同理,用户设备105可以为如图1中所示的手机,也可以为其他电子设备,本实施例不做限定。
值得说明地是,上述示例只是示范性地说明,本实施例直播可能适用的应用场景,而不能理解为对场景的限定。
根据直播时,主播与直播设备之间的距离可以分为两种场景,一种场景为远场场景,另一种场景为近场场景。
其中,远场场景是指主播与直播设备之间的距离相对较远的直播的场景,近场场景是指主播与直播设备之间的距离相对较近的直播的场景。
例如,当主播跳舞环节时,更加适用于远场场景的直播,以便观看直播的观众可以看到主播的完整的舞姿,满足观众的观看体验。而当主播跳舞完毕,进入与观众的互动环节时,更加适用于近场场景的直播,以便拉近主播与观众之间的距离,使得互动的效果更强,满足观众的互动体验。

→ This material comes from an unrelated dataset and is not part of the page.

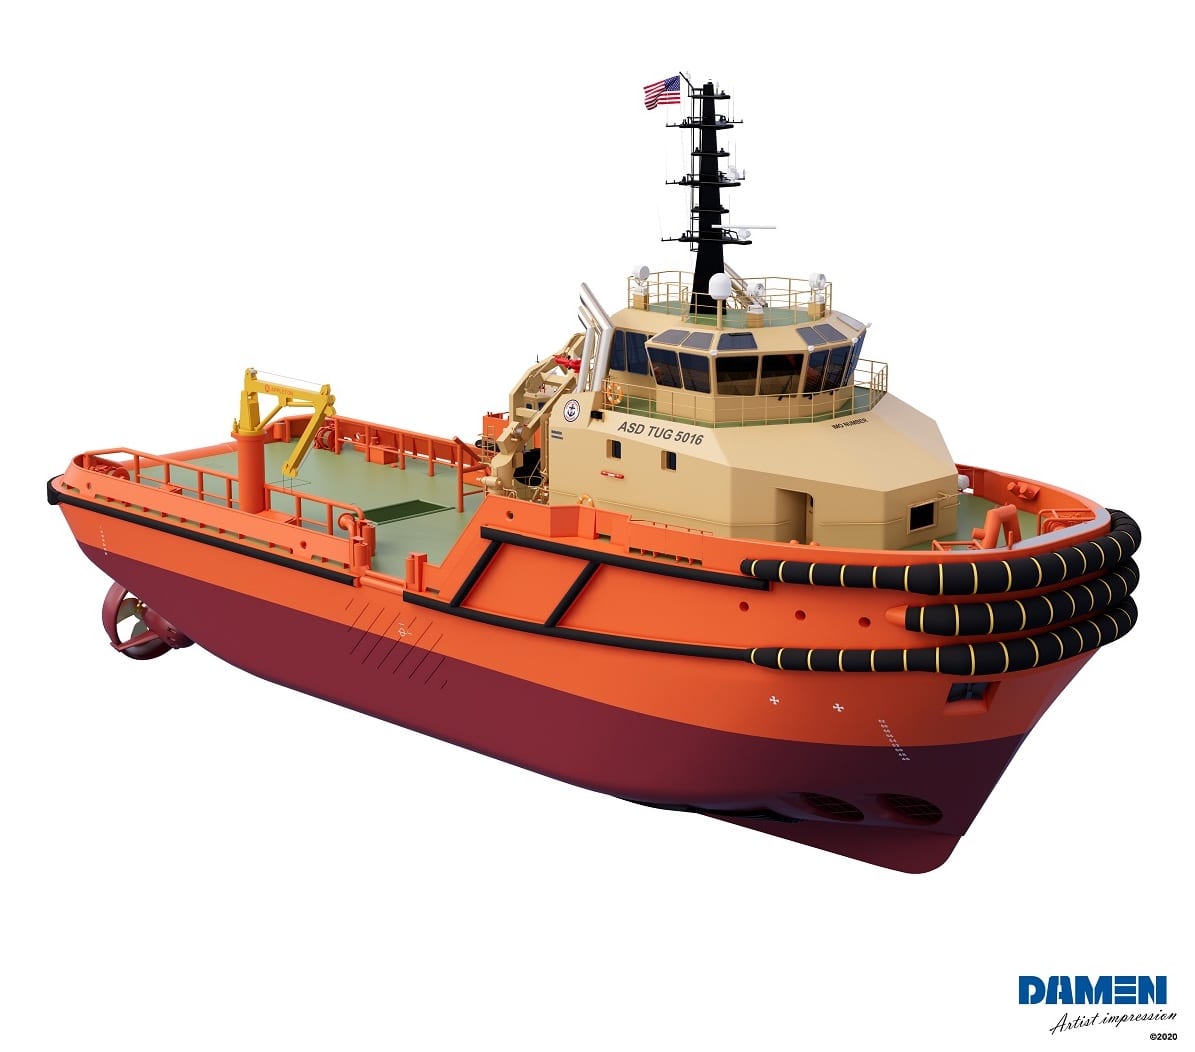 Damen to Supply ASD Tug 5016 Design to Edison Chouest Offshore

在相关技术中,在直播的场景发生切换时,为了提高直播的可靠性,满足观众的体验,主播需要通过手动的方式切换直播设备的音频的输入输出。
例如,结合上述跳舞示例地描述,若直播场景由近场场景(即主播与观众互动的场景)切换为远场场景(即主播跳舞的场景)时,直播设备的音频的输出需要设置为直播设备的外放输出,具体为直播设备的扬声器输出,以便主播可以听到与舞蹈对应的音乐,则主播通过手动的方式对直播设备的音频的输出进行设置,选择直播设备的外放输出。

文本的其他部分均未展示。